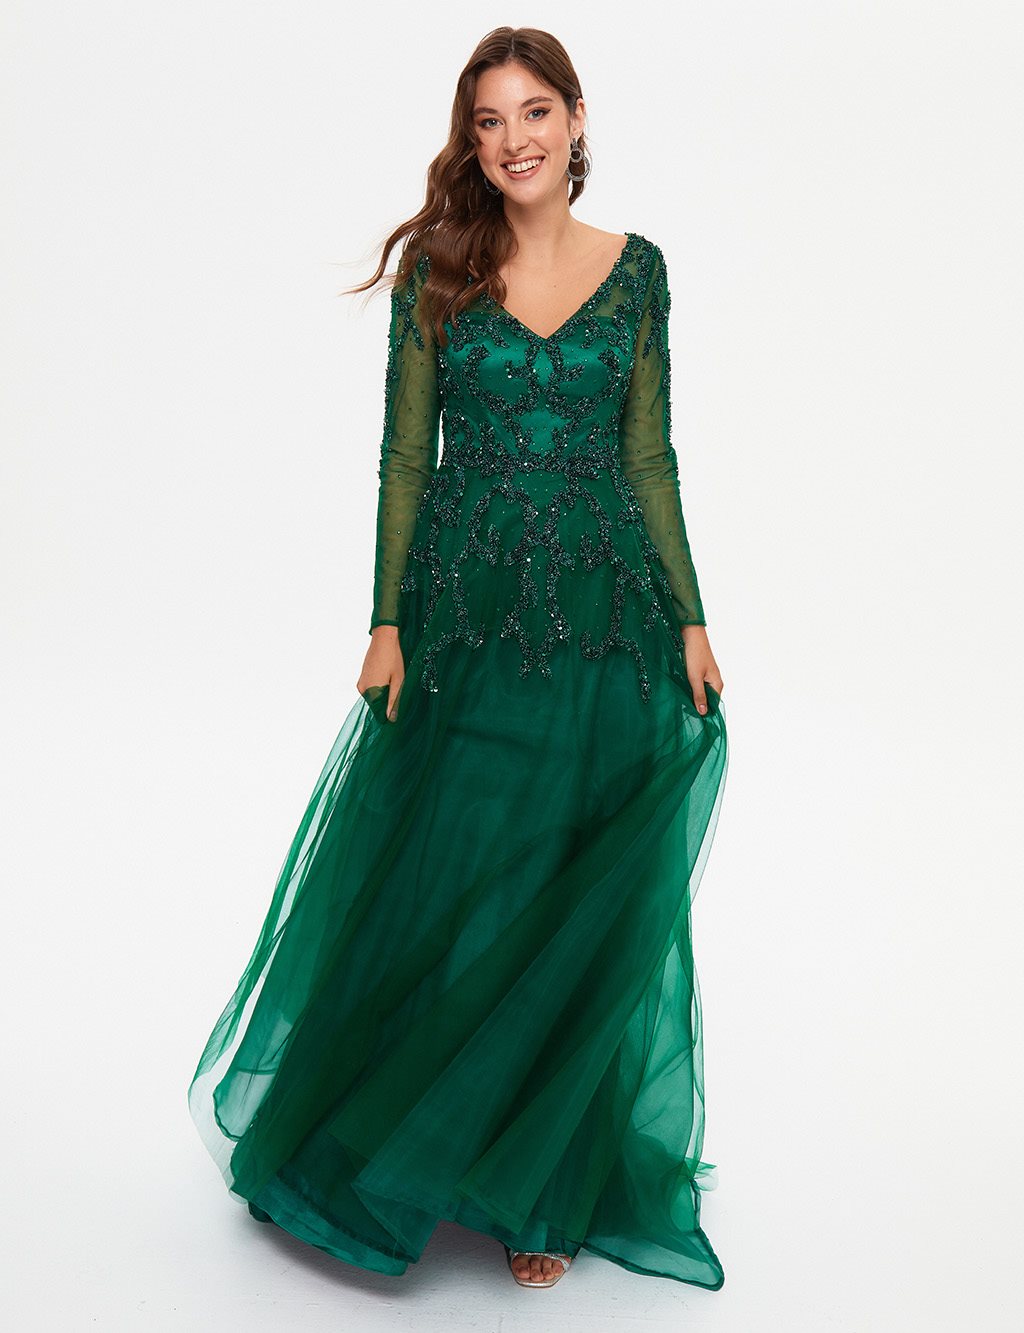 TIARA Tulle Skirt Deep V Neck Evening Dress Emerald
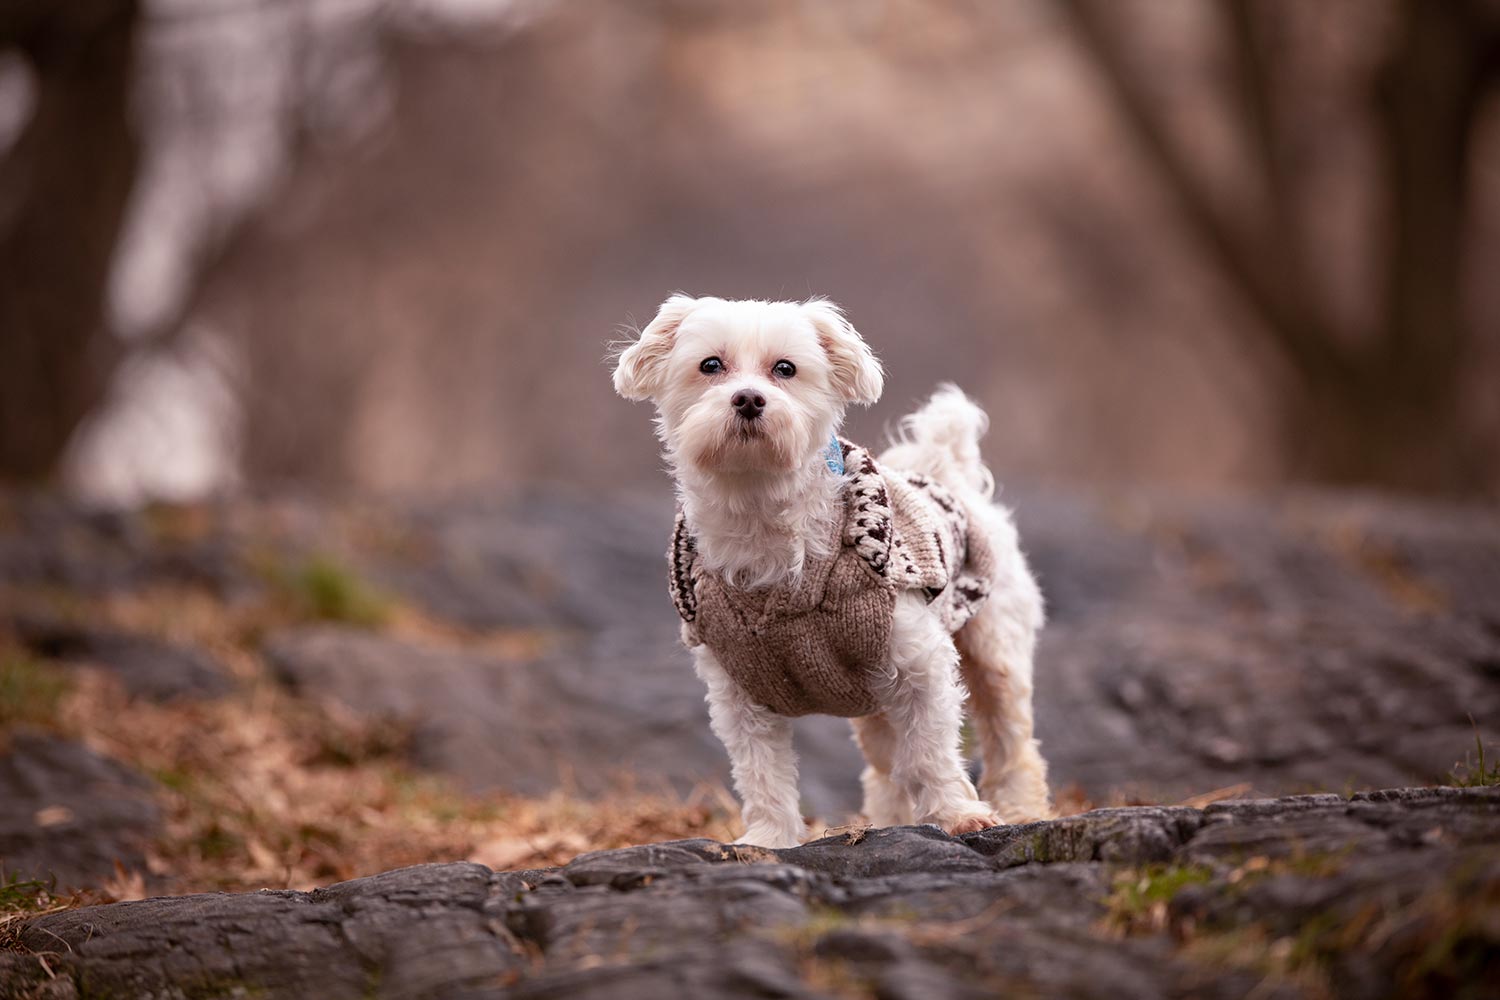 Wiley - NYC dog photographer
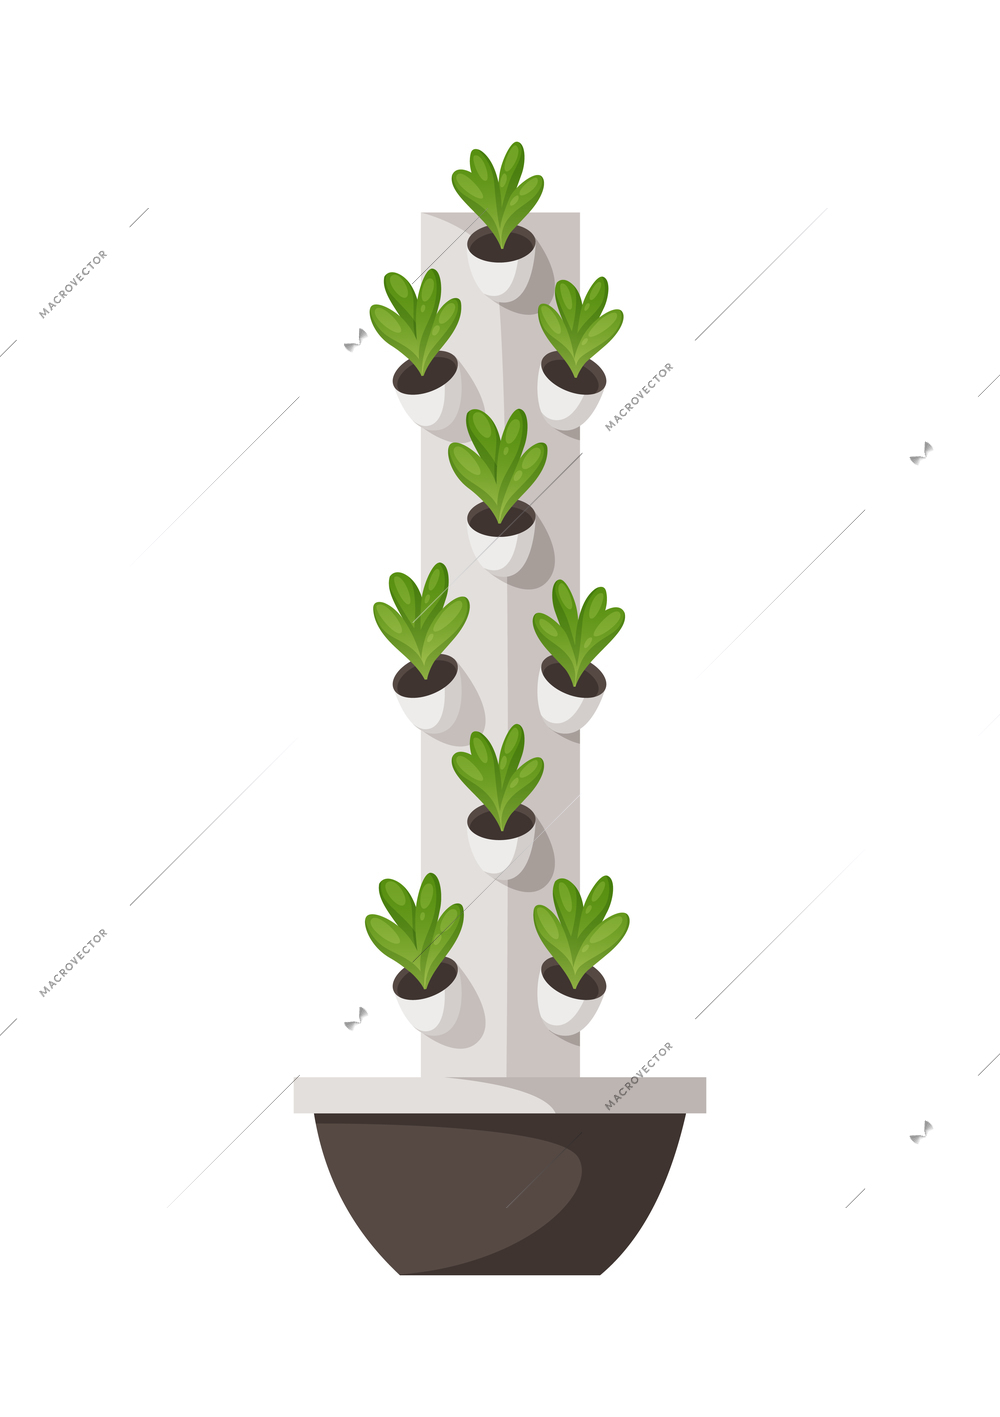 Greenhouse vertical farming hydroponics aeroponics cartoon composition with plants in column vector illustration

:: WORK ORDER ::
Return the full listing exactly as it appears above, without its pictures.

:: WRITTEN RESPONSE ::
 TIARA Tulle Skirt Deep V Neck Evening Dress Emerald
 Wiley - NYC dog photographer
 Greenhouse vertical farming hydroponics aeroponics cartoon composition with plants in column vector illustration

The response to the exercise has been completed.